### Work required
Transcribe exactly, and without pictures, only the lines from the one bearing "Вместимость камп. Стадион" through the final line of the data below.

### Data provided
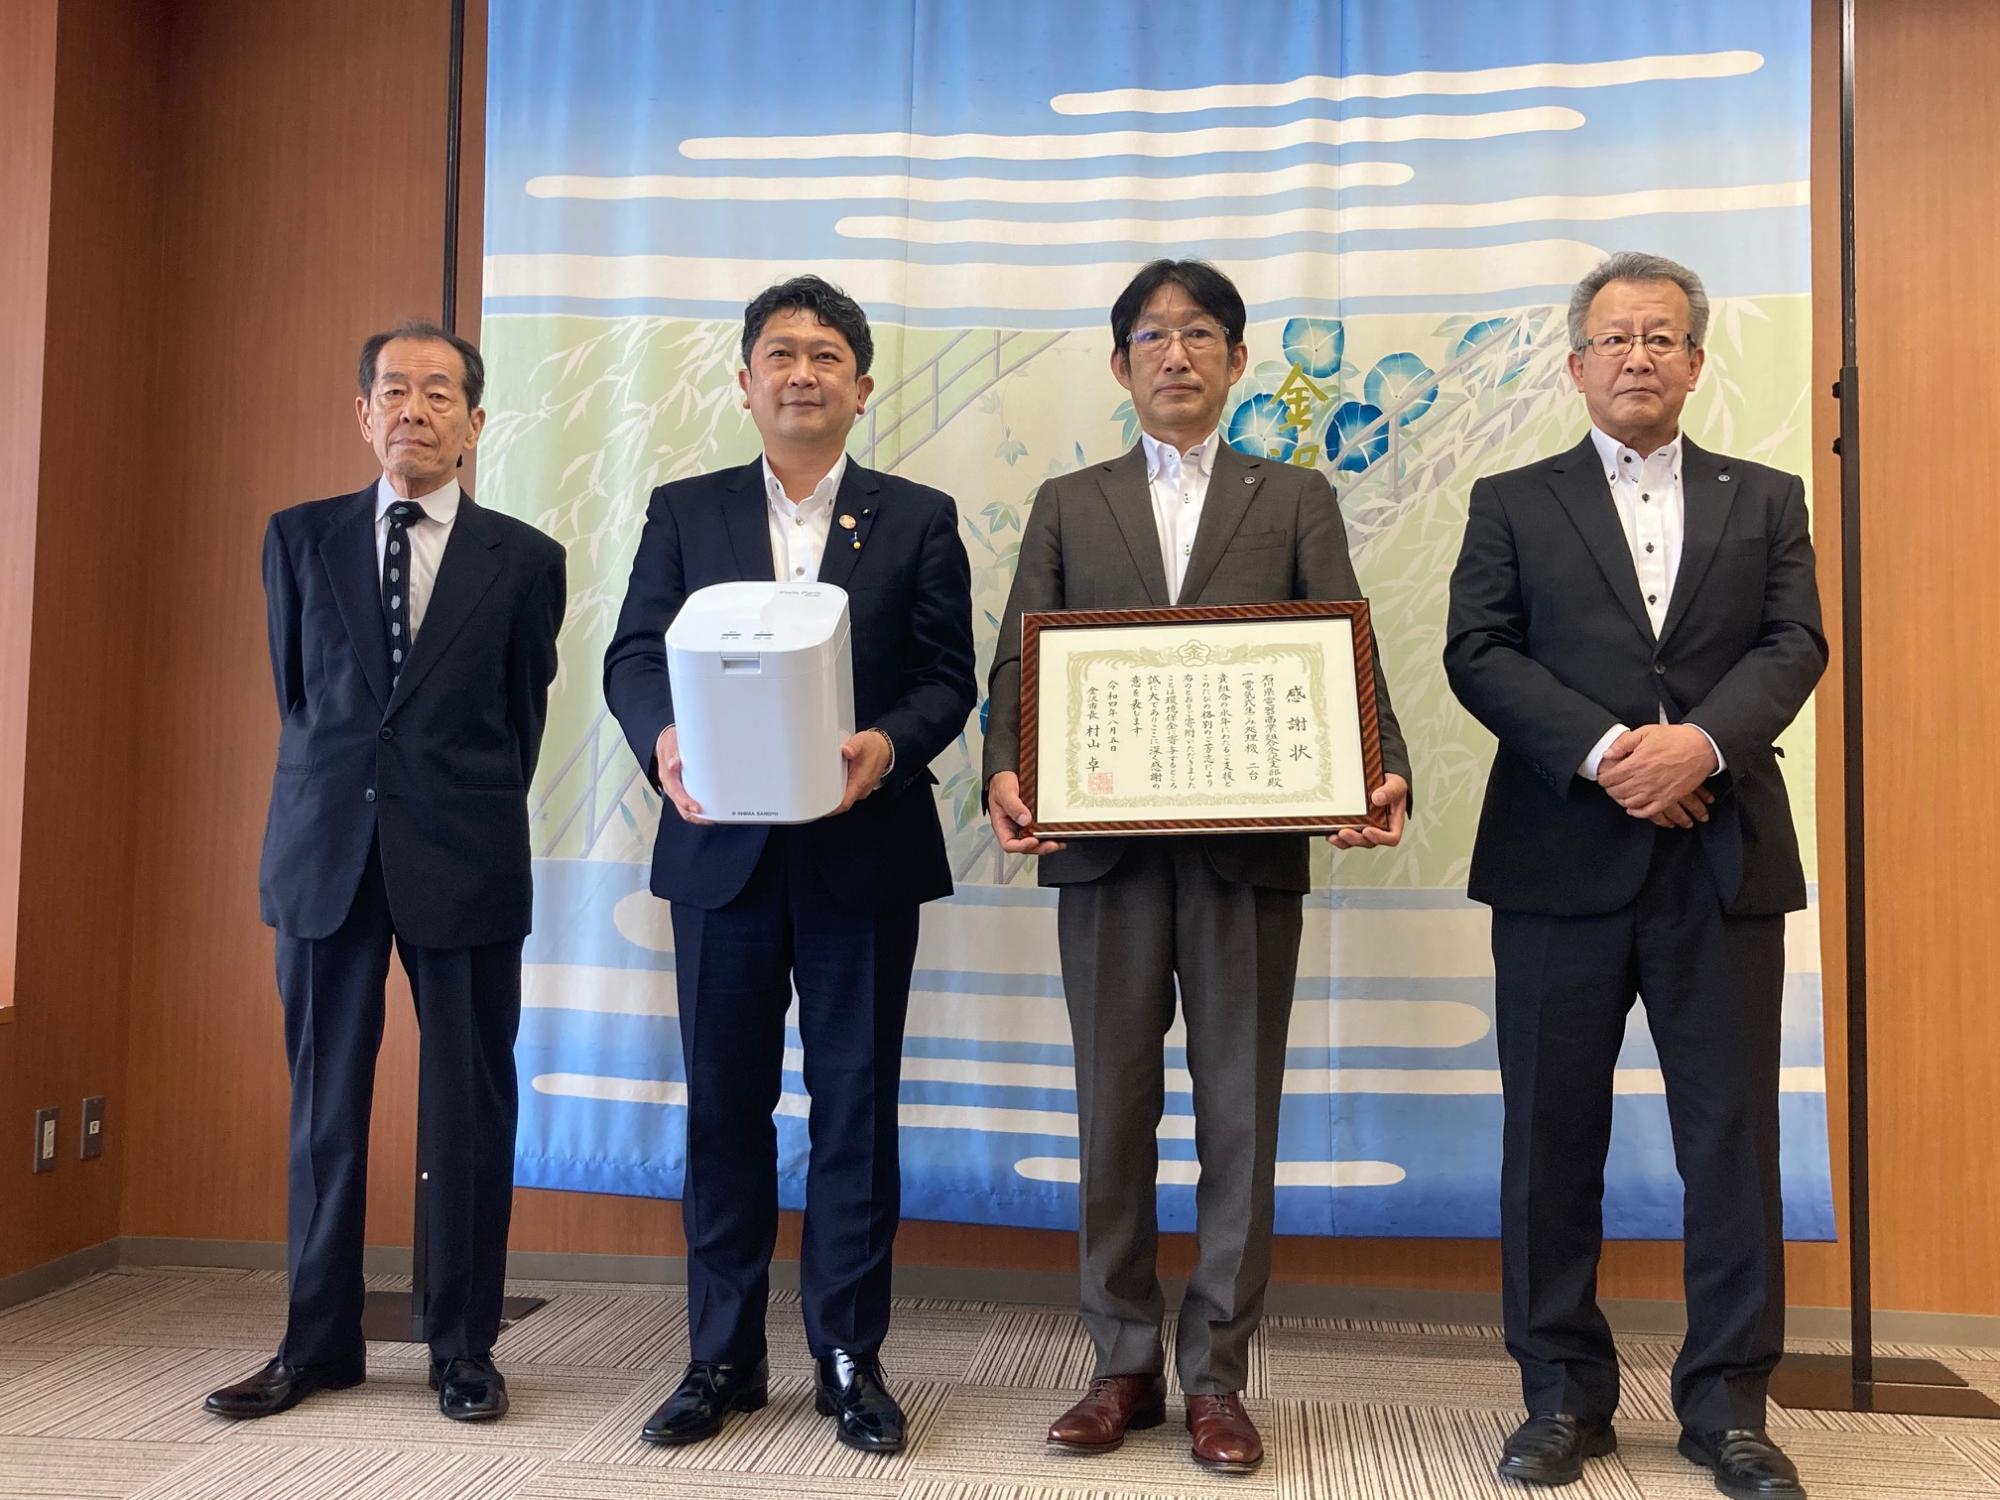 石川県電器商業組合金沢支部への寄附感謝状贈呈式の様子
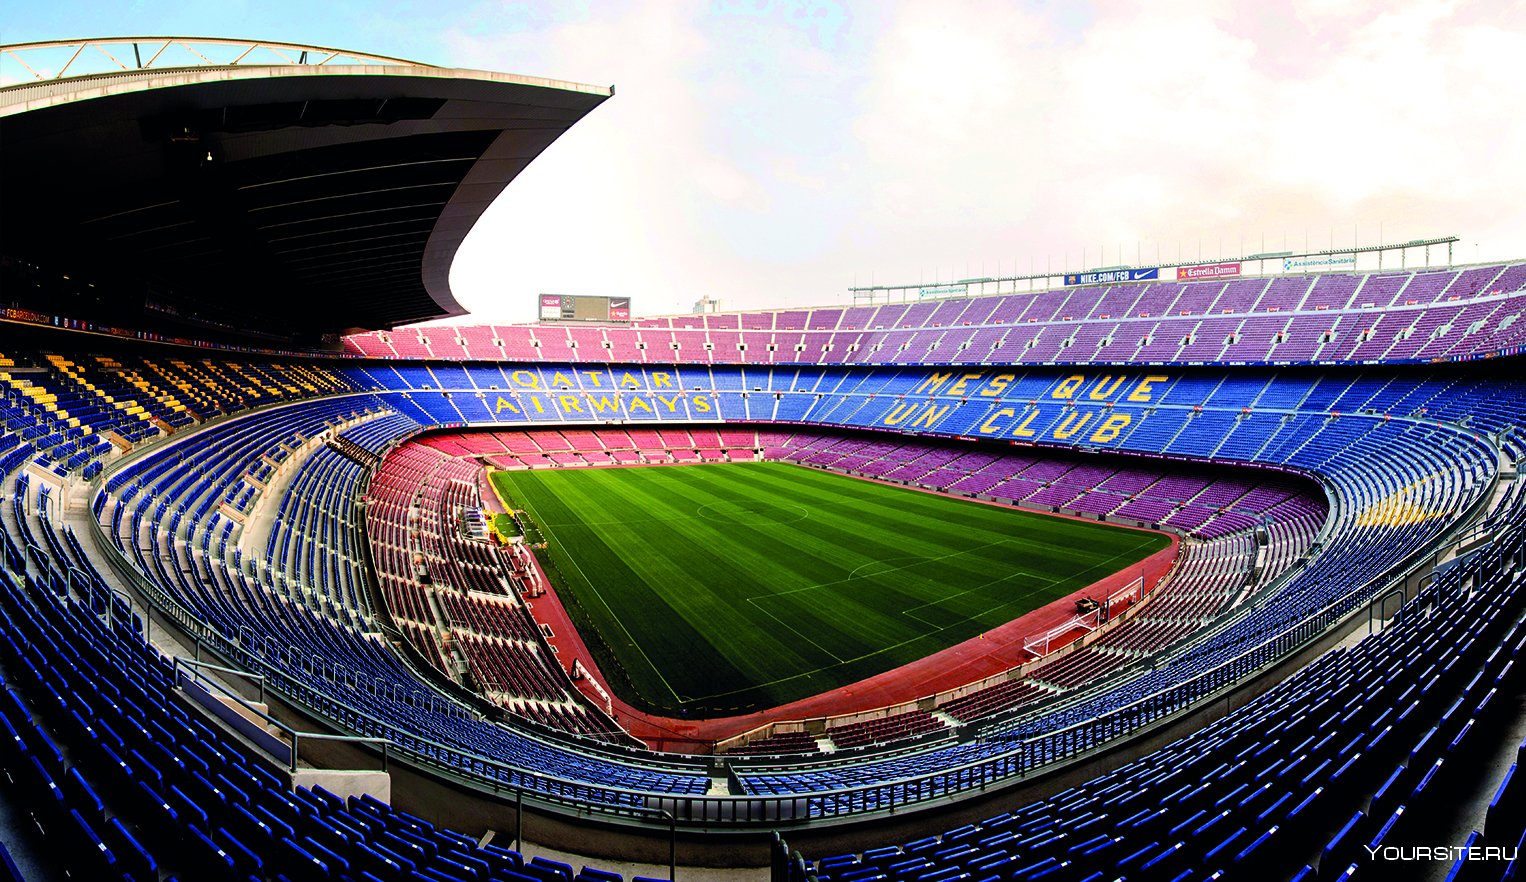 Вместимость камп. Стадион Camp nou. Барселона Камп ноу. Стадион Камп ноу в Барселоне. Ноу Камп" в Барселоне (84 тыс.).
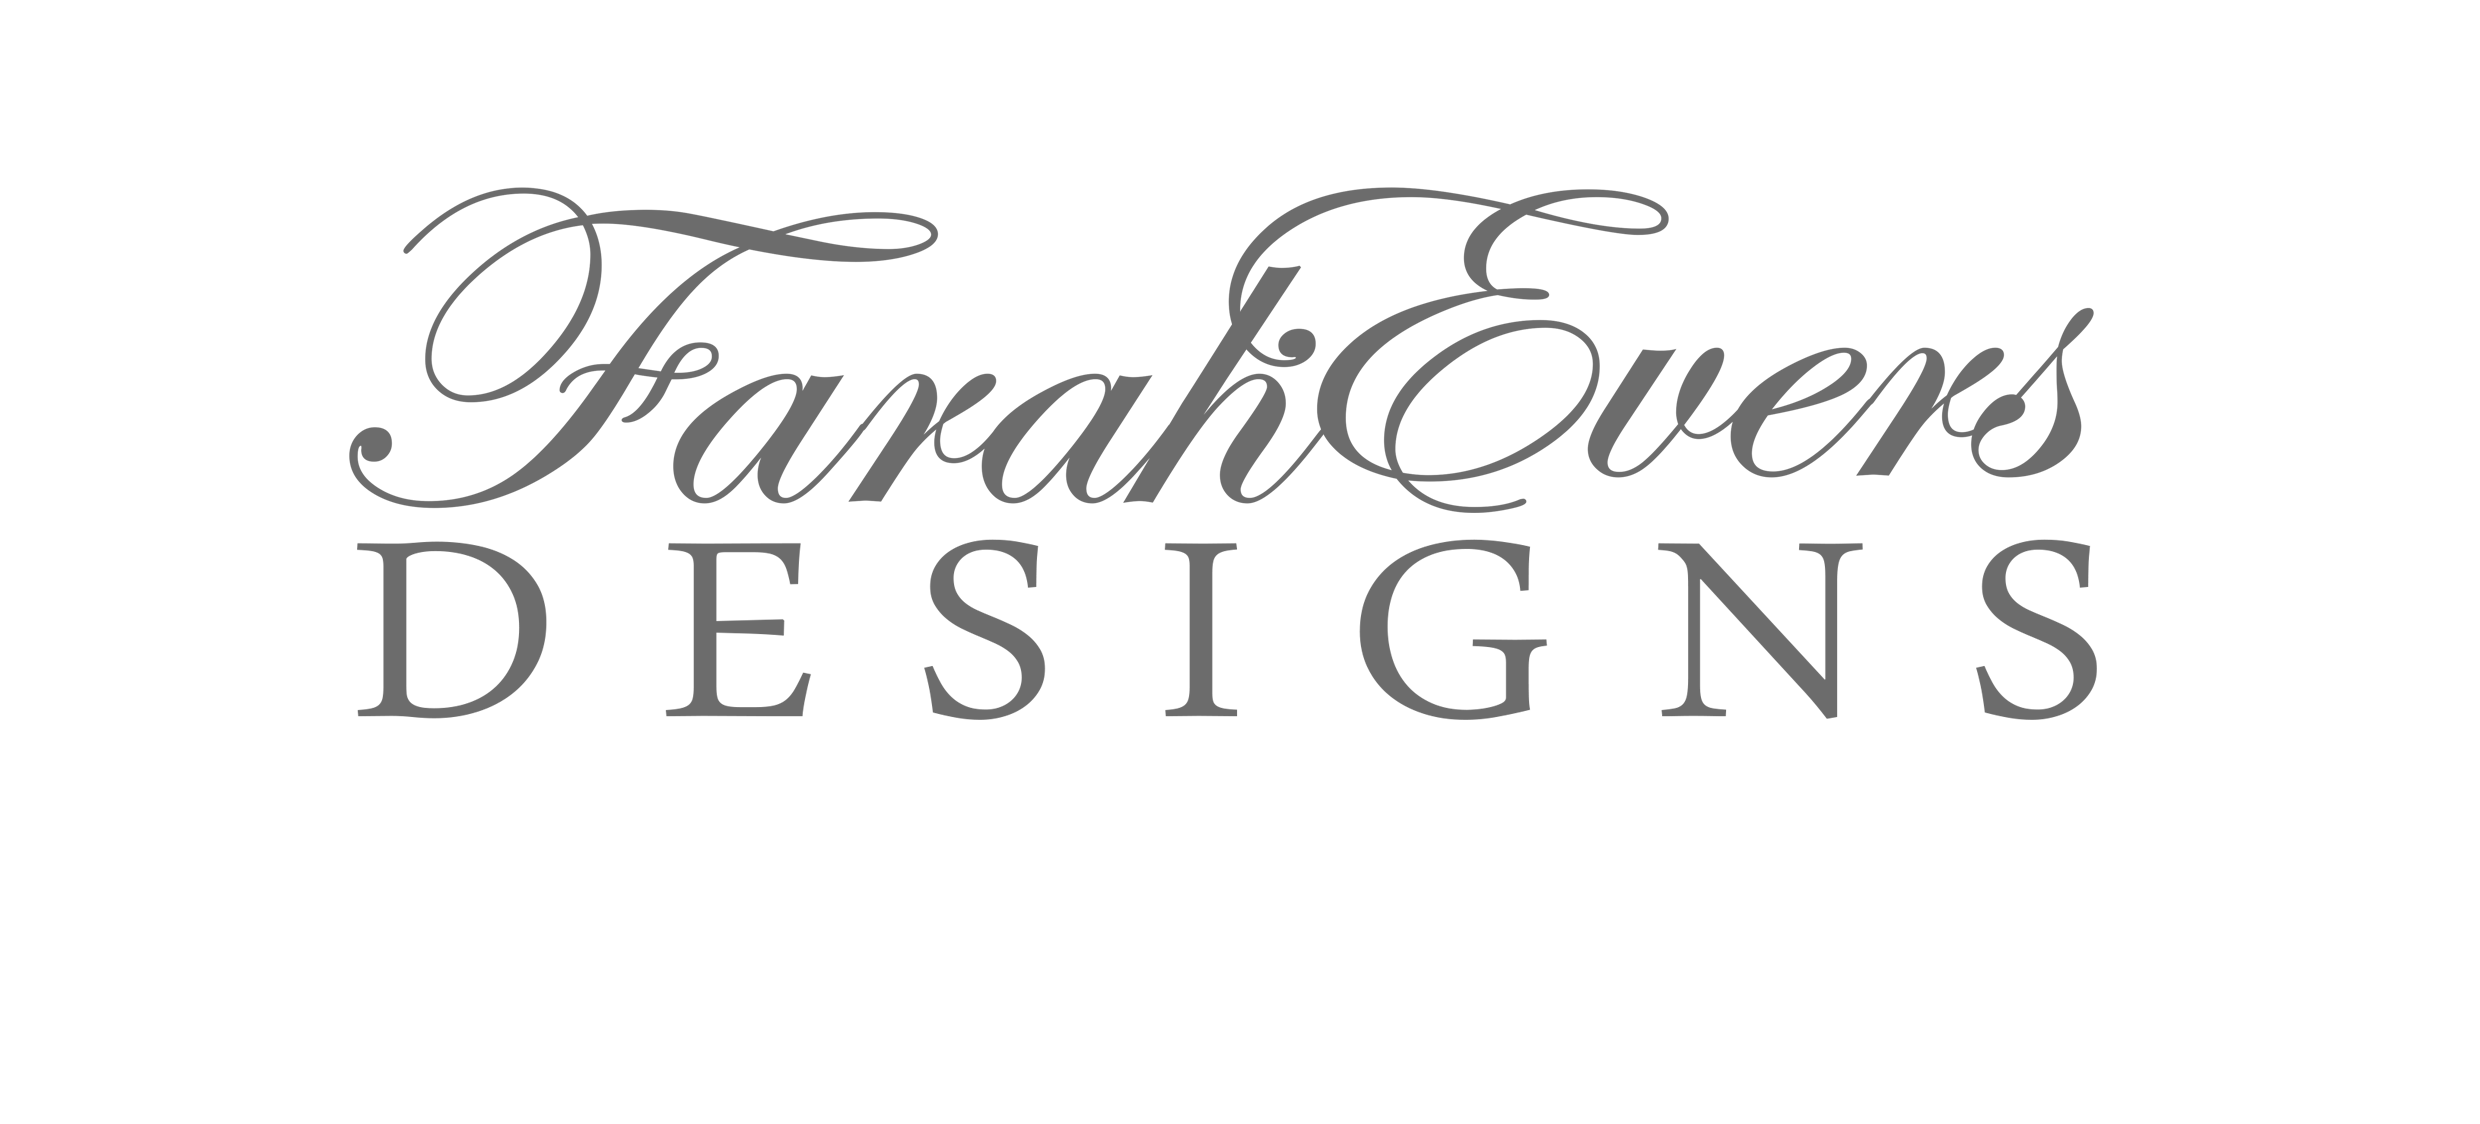 Farah Evers Designs

### Response
 Вместимость камп. Стадион Camp nou. Барселона Камп ноу. Стадион Камп ноу в Барселоне. Ноу Камп" в Барселоне (84 тыс.).
 Farah Evers Designs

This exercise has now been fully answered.